Some archs set the CPUIDLE_FLAG_TIMER_STOP flag for idle states in which the
local timers stop. The cpuidle_idle_call() currently handles such idle states
by calling into the broadcast framework so as to wakeup CPUs at their next
wakeup event. With the hrtimer mode of broadcast, the BROADCAST_ENTER call
into the broadcast frameowork can fail for archs that do not have an external
clock device to handle wakeups and the CPU in question has to thus be made
the stand by CPU. This patch handles such cases by failing the call into
cpuidle so that the arch can take some default action. The arch will certainly
not enter a similar idle state because a failed cpuidle call will also implicitly
indicate that the broadcast framework has not registered this CPU to be woken up.
Hence we are safe if we fail the cpuidle call.

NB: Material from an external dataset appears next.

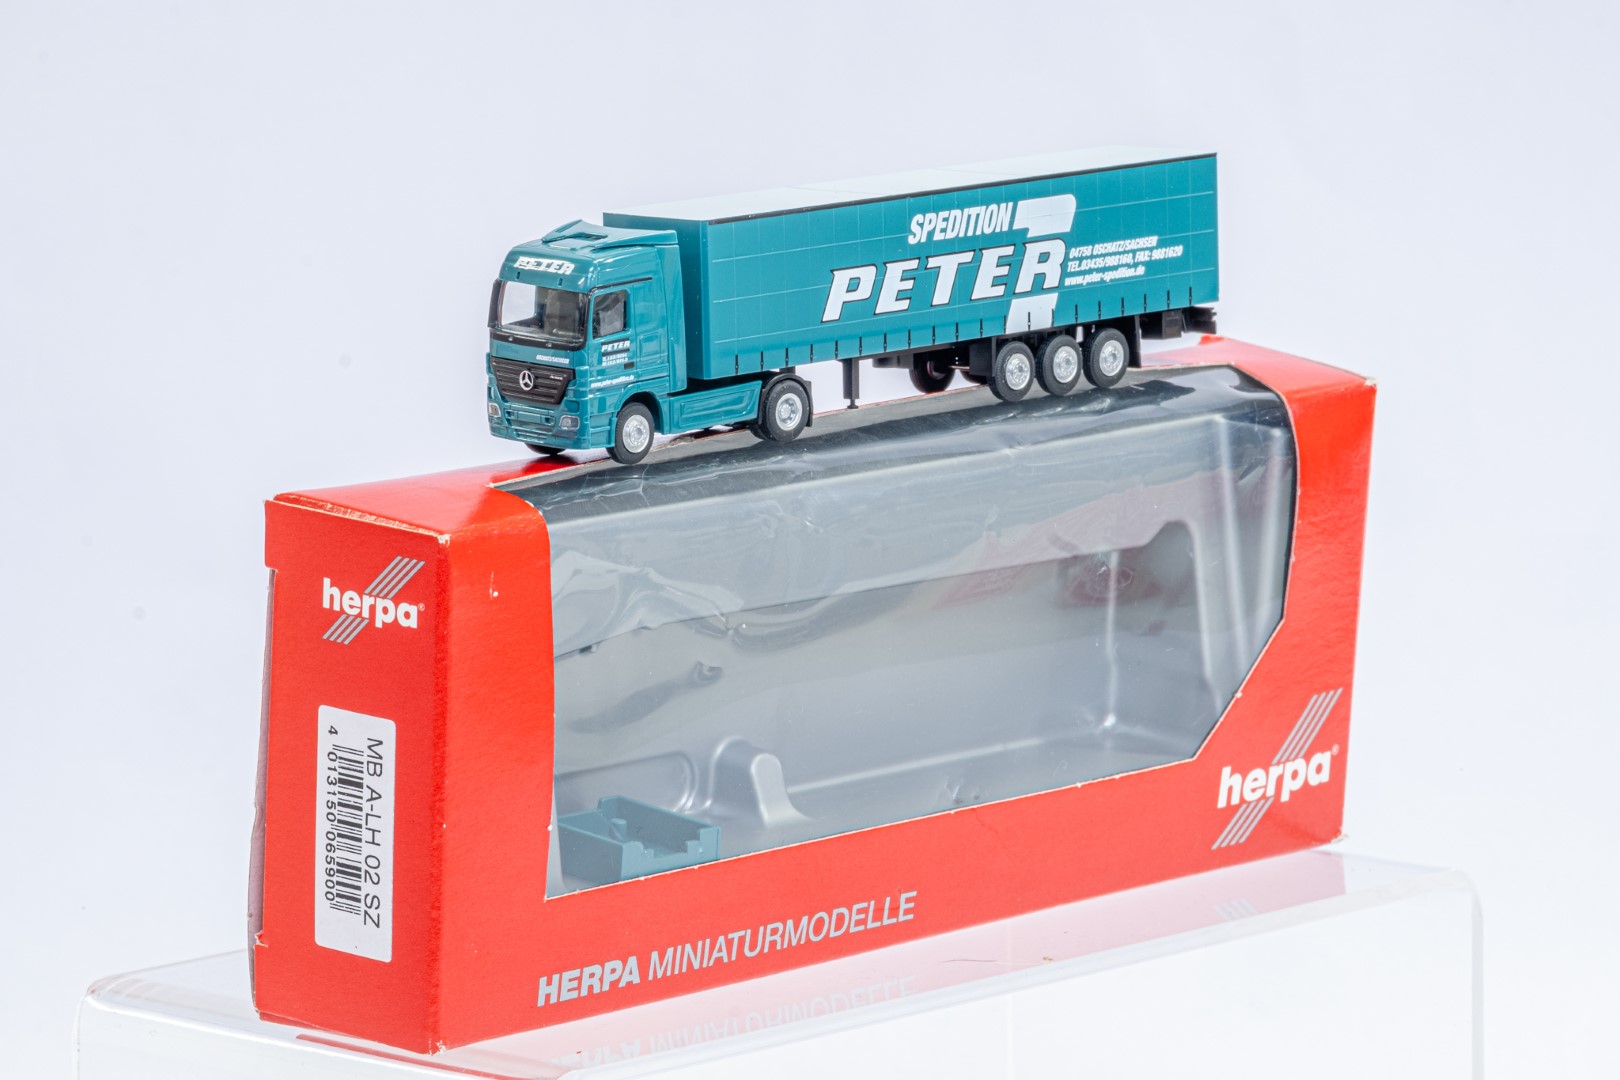 Herpa Merc Actros Box Trailer - Peter Spedition - Image 3 of 4

In the process move the functions that trace idle statistics just before and
after the entry and exit into idle states respectively. In other
scenarios where the call to cpuidle fails, we end up not tracing idle
entry and exit since a decision on an idle state could not be taken. Similarly
when the call to broadcast framework fails, we skip tracing idle statistics
because we are in no further position to take a decision on an alternative
idle state to enter into.

Signed-off-by: Preeti U Murthy <preeti@linux.vnet.ibm.com>
---

 drivers/cpuidle/cpuidle.c |   38 +++++++++++++++++++++++---------------
 1 file changed, 23 insertions(+), 15 deletions(-)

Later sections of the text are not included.